Karen McIntosh: early 60s, African-American, faithful wife and mother, loves her family.
Sharon Evans: mid 30s, African-American, the good child, always willing to help, dealing with a great loss.
Michael McIntosh: early 30s, African-American, a drug addict who uses his family for money to feed his habit. Has a good soul that has been lost.
[Miss] (fully staged)
Synopsis: Frances Oldham Kelsey saved an estimated 20,000 American children from crippling deformities by battling the William S. Merrell Company over the release of thalidomide in the United States from September 1960 to November 1961. Merrell’s brand of thalidomide, called Kevadon, was one of the first two drugs Dr. Kelsey was given upon starting her career at the FDA. Despite constant threats and intimidation, Dr. Kelsey stubbornly refused to approve the drug because she had concerns about its possible effect on the fetus. When the story broke that thalidomide had caused a world-wide epidemic of infant deformities and death, Dr. Kelsey learned that Merrell had been distributing the drug without approval through a sham investigational study. The fall-out from this revelation combined with the heroism of Dr. Kelsey’s actions caused the United States to reform its regulation of prescription drugs.
Cast: 6m (4m with doubling), 4f
Dr. Frances Oldham Kelsey: 40s for most of the play, FDA investigator
Dr. Raymond Stehle: McGill professor
Dr. Eugene Geiling: University of Chicago professor
John: husband of Betty
Betty: pharmaceutical rep
Dr. Joseph Murray: Merrell contact man
Dr. Raymond Pogge: Merrell medical director
FDA staff: female
Mary: pharmaceutical rep
Dr. Ray Nulsen: physician
The Griots (fully staged)
Synopsis: Set in rural Georgia in the late 1930s, The Griots focuses on an elderly African-American woman (Ada) who grew up in slavery, a young woman who is the descendant of the plantation owner’s family (Lizzie), and a young white man from Ohio (John) who has been sent to the South to interview ex-slaves as a part of the WPA Writers’ Project.
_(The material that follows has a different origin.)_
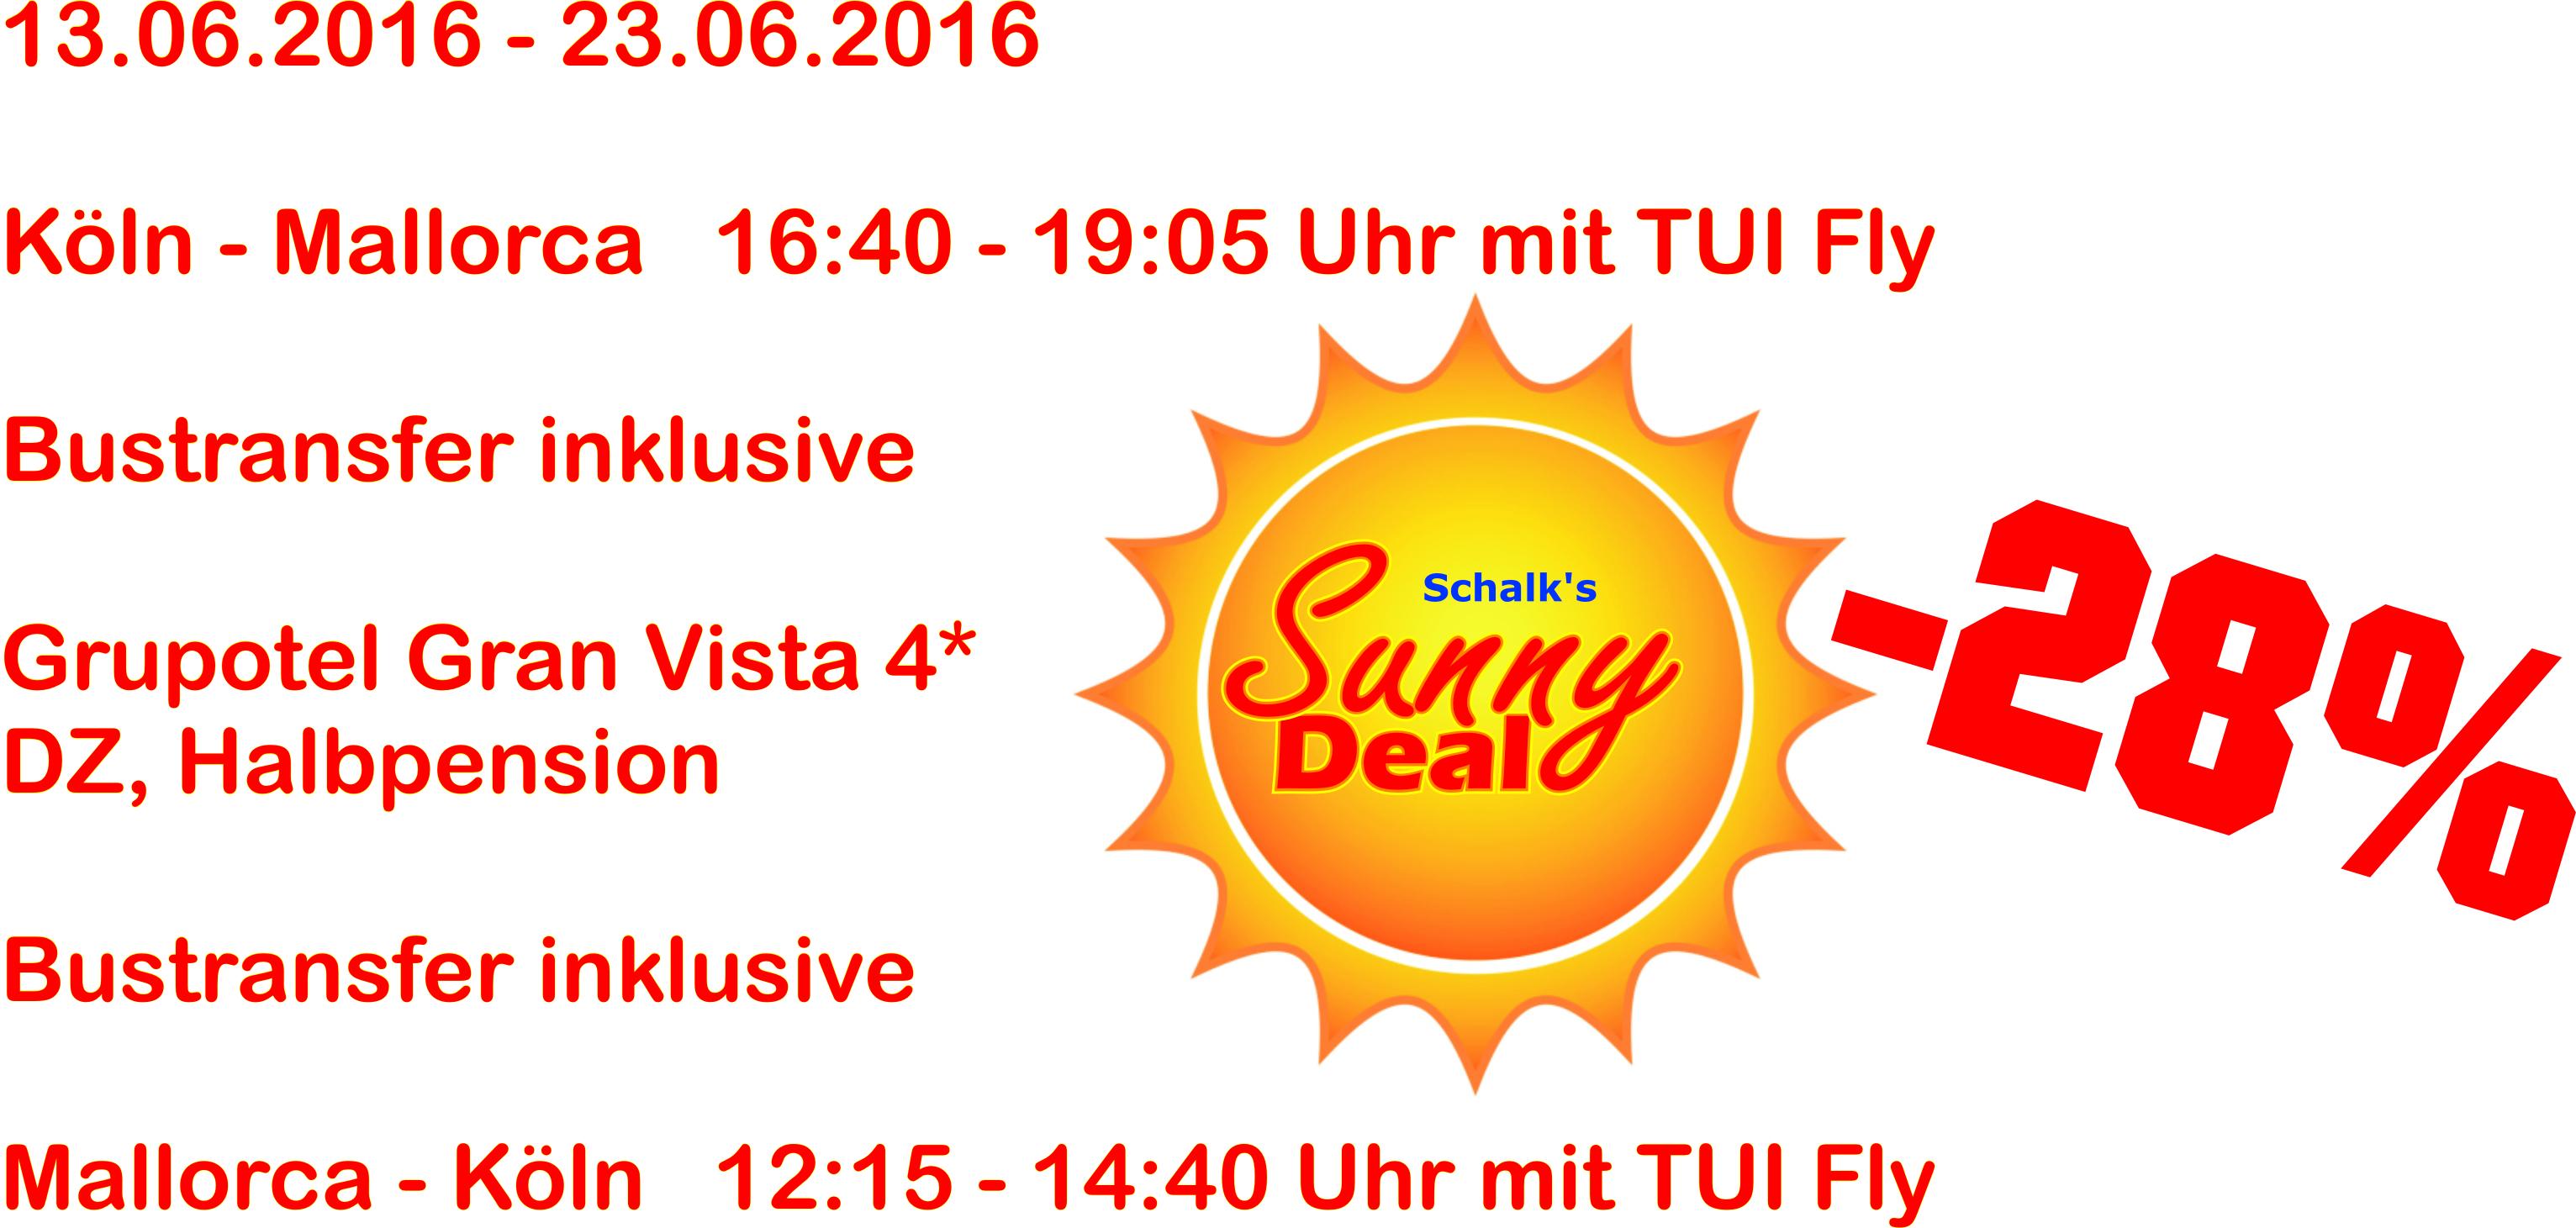 Sunny Deal Angebot aktuell mallorca

As John gains Ada’s trust over a period of several weeks, her stories turn from quaint tales of happy field hands, to brutal accounts of violence and intolerance. And when her tales contradict Lizzie’s family legends, exposing the truth may have too great a cost.
Cast: 1m, 2f
Lizzie Dupree: mid 20s, pleasant looking, Caucasian. Lizzie has grown up in rural Georgia, in a relatively affluent family.
John Holt: mid 20s, a somewhat bookish Caucasian man who has grown up in a Quaker family in Ohio.
Ada Coalson: elderly, African-American, a former slave who now lives alone in a cabin on the land that used to be part of Lizzie’s great grandfather’s plantation.
Shepherd’s Bush (staged reading)
Synopsis: England, 1930: renowned man-of-letters E. M. Forster, 52, meets and falls in love with 28 year old policeman, Bob Buckingham. Their secret romance blossoms until police scrutiny inspired Bob to court and eventually marry May, a young nurse. Jealousy and rivalry evolves into a lifelong friendship with surprising consequences.
Cast: 3m, 2f
Bob Buckingham: 28 to 68, roguish young policeman with aspirations of being more. Forster’s friend and lover. Darkly handsome, masculine, athletic and temperamental. Bob is very physically affectionate.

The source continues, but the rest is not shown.